AIM OF THE EXERCISE
Search the entries below for the word "Black", then copy each line in which it is found.

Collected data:

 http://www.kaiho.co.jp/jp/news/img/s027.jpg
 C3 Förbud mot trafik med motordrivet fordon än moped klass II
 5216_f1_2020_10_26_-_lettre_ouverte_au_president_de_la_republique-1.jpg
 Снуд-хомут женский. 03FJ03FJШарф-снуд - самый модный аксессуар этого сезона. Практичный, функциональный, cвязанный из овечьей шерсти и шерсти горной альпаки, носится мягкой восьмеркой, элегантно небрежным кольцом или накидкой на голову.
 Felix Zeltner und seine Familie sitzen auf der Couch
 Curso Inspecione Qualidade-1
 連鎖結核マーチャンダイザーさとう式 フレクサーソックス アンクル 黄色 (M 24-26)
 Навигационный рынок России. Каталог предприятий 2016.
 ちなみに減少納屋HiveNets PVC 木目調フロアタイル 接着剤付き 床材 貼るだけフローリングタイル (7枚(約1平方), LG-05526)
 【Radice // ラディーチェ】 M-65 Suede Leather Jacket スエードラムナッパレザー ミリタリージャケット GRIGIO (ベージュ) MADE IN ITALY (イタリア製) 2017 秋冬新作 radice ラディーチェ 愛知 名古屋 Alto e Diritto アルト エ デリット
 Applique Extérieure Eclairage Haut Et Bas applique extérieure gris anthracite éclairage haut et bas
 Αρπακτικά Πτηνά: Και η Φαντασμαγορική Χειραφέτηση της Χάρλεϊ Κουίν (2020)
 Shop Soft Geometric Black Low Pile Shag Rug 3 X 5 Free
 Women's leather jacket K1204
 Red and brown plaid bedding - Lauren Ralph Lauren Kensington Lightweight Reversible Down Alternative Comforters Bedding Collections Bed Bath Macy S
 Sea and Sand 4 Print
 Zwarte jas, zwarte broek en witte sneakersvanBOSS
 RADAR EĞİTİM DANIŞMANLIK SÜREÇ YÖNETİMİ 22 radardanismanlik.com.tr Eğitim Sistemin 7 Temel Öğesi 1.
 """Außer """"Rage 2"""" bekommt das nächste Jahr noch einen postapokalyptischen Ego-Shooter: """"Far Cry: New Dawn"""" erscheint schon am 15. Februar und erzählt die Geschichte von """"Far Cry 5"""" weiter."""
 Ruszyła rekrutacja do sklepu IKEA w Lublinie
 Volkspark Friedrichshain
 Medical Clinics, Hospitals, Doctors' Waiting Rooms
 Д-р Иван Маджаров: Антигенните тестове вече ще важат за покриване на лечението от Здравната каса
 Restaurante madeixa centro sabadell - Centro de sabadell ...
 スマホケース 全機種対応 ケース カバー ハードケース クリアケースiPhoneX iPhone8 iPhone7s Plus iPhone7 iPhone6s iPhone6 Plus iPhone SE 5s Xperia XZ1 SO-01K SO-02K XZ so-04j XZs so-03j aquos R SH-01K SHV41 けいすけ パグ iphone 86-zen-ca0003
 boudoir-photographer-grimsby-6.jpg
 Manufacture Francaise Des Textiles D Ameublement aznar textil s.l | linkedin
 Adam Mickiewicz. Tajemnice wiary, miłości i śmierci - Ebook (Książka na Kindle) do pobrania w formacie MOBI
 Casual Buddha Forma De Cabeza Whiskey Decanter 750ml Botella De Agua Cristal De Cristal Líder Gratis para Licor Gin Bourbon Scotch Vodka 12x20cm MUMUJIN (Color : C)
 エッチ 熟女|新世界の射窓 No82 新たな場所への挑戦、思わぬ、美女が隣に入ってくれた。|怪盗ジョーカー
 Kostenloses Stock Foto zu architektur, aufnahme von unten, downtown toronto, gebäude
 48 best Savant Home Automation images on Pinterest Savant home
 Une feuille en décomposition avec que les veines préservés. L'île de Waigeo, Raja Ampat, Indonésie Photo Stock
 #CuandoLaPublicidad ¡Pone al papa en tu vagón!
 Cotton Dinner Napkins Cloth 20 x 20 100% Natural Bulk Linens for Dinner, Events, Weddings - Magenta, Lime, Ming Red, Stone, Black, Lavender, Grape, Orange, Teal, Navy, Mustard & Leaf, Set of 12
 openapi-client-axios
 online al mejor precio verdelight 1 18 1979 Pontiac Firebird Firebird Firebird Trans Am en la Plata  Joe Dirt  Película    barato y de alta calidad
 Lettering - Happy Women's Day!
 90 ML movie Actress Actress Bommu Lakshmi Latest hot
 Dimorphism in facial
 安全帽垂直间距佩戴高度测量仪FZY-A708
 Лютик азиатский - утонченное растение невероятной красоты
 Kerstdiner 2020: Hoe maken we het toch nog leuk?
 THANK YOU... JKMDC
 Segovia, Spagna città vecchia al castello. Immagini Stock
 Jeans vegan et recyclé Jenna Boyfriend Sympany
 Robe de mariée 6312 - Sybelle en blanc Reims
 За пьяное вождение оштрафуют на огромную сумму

EXERCISE ANSWER
 Shop Soft Geometric Black Low Pile Shag Rug 3 X 5 Free
 Cotton Dinner Napkins Cloth 20 x 20 100% Natural Bulk Linens for Dinner, Events, Weddings - Magenta, Lime, Ming Red, Stone, Black, Lavender, Grape, Orange, Teal, Navy, Mustard & Leaf, Set of 12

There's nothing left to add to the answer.